Reading GamesRadar’s interview with Paul King doesn’t make me feel particularly optimistic about the introduction of Noodle and her dynamic with Wonka:
Because it’s the story of how you go from a normal person into the Willy Wonka we know, it felt like a good place to start with him as being very kind-hearted, very open-hearted. He needed a slightly more cynical person to show him the truth of the world, that not everyone is lovely, fluffy, and nice, and that bad things happen along the way. [Noodle] felt like a very good counterpart to him and I was really just interested in their friendship. Calah Lane is wonderful, and she’s able to encapsulate this wise, ‘old head on young shoulders’ kind of character.

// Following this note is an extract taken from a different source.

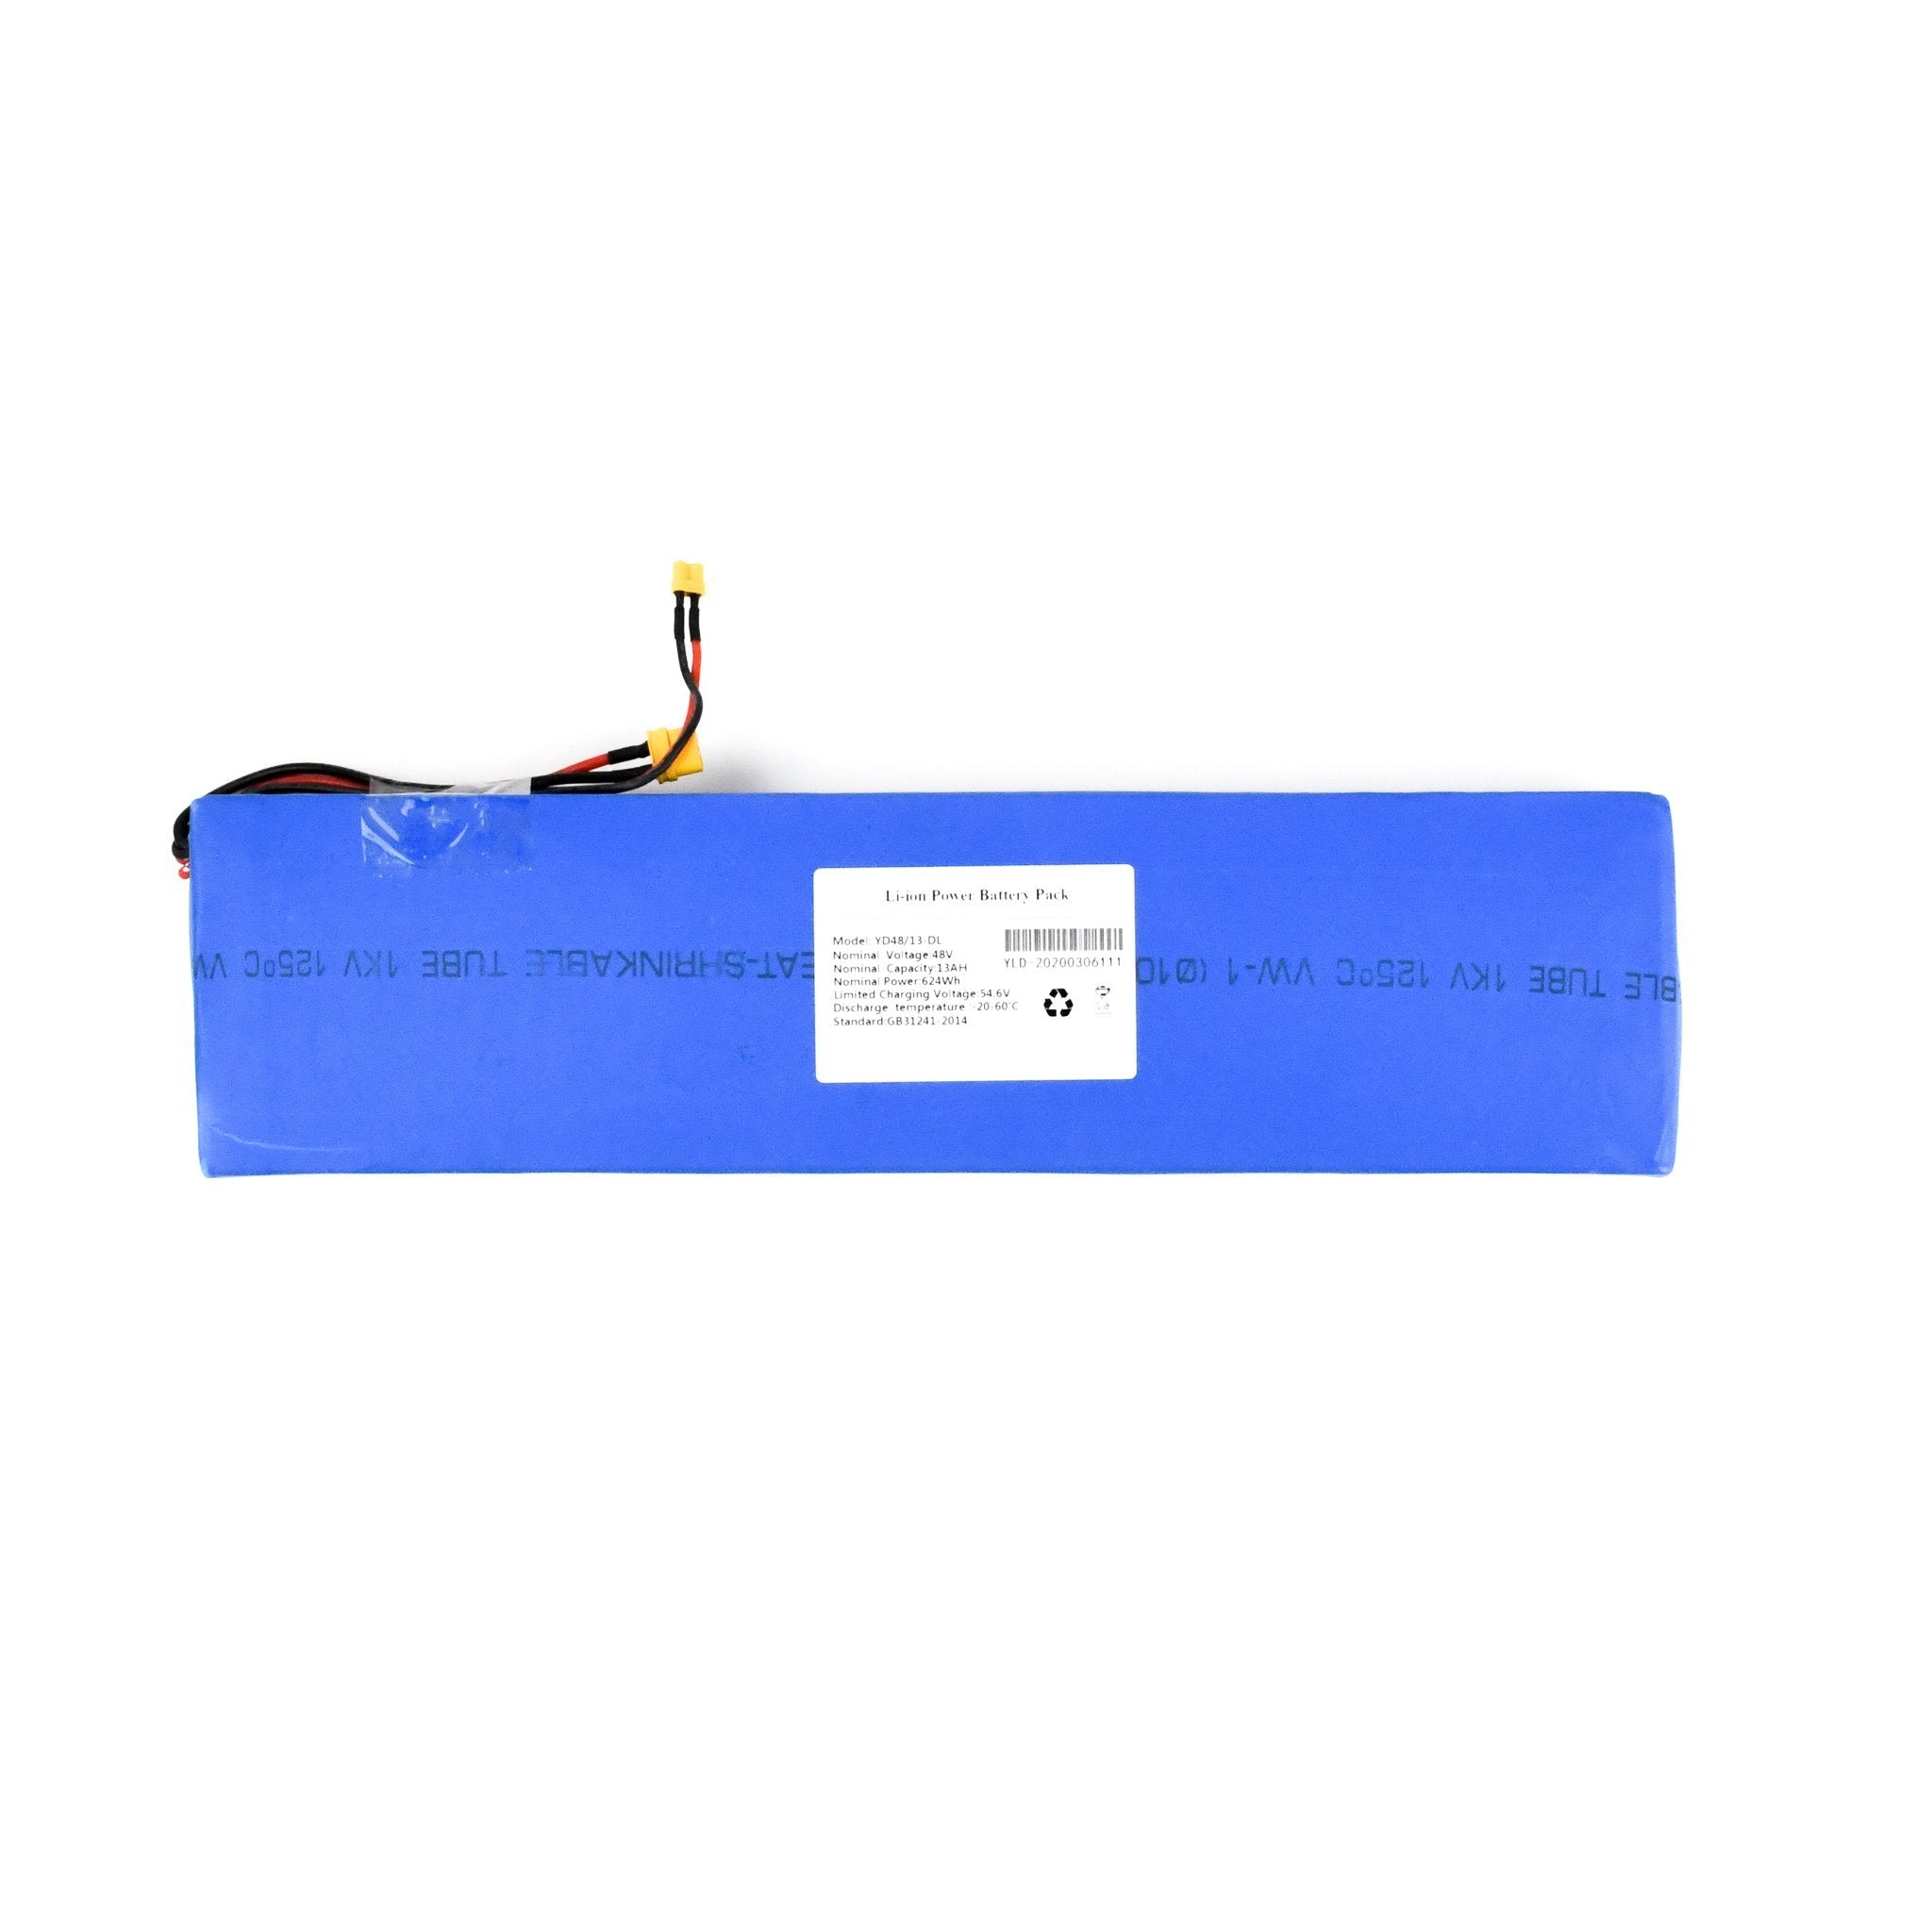 Spare battery for Apollo electric scooters

Not only does that read like a rehash of an exhausted racist trope, but it seems like Wonka’s character growth is dependent upon the lived experience and relative wisdom of a young Black woman. I’ll give King and this Wonka prequel the benefit of the doubt on the Noodle front until I see this movie (after heavily dosing myself with an edible), but that quote is concerning.
Of course, the biggest question Wonka raises is what the hell happened to Willy Wonka to turn him into the paranoid, narcissistic, reclusive millionaire who punishes (and maybe even murders) children for misbehaving? In both Dahl’s book and the 1971 film starring Gene Wilder, Wonka fires all the factory workers because his business rivals sent spies to steal his sugary secrets—which is why he “employs” Oompa-Loompas. (In Tim Burton’s nightmarish Charlie and the Chocolate Factory, Wonka’s origin story involves a grumpy dentist father who forbade him from eating candy—wah!) This pathologizing of Wonka makes a certain amount of narrative sense, especially through Wilder’s portrayal, which emphasizes his insecurities and pettiness.
I’m just having a hard time reconciling Chalamet’s cute lil Wonka with the rich old jerk he becomes, when that character has already been made so indelible in pop culture. You just cannot convince me that this Willy Wonka is the same guy. Surely it isn’t just the cruel machinery of capitalism and rival businesses stealing trade secrets that turns him into a shithead, right? There must be something else going on here, and it has to be really bad to justify a complete heel turn.
Honestly, the idea that Wonka might have a bonkers nihilistic twist is the most exciting thing about it.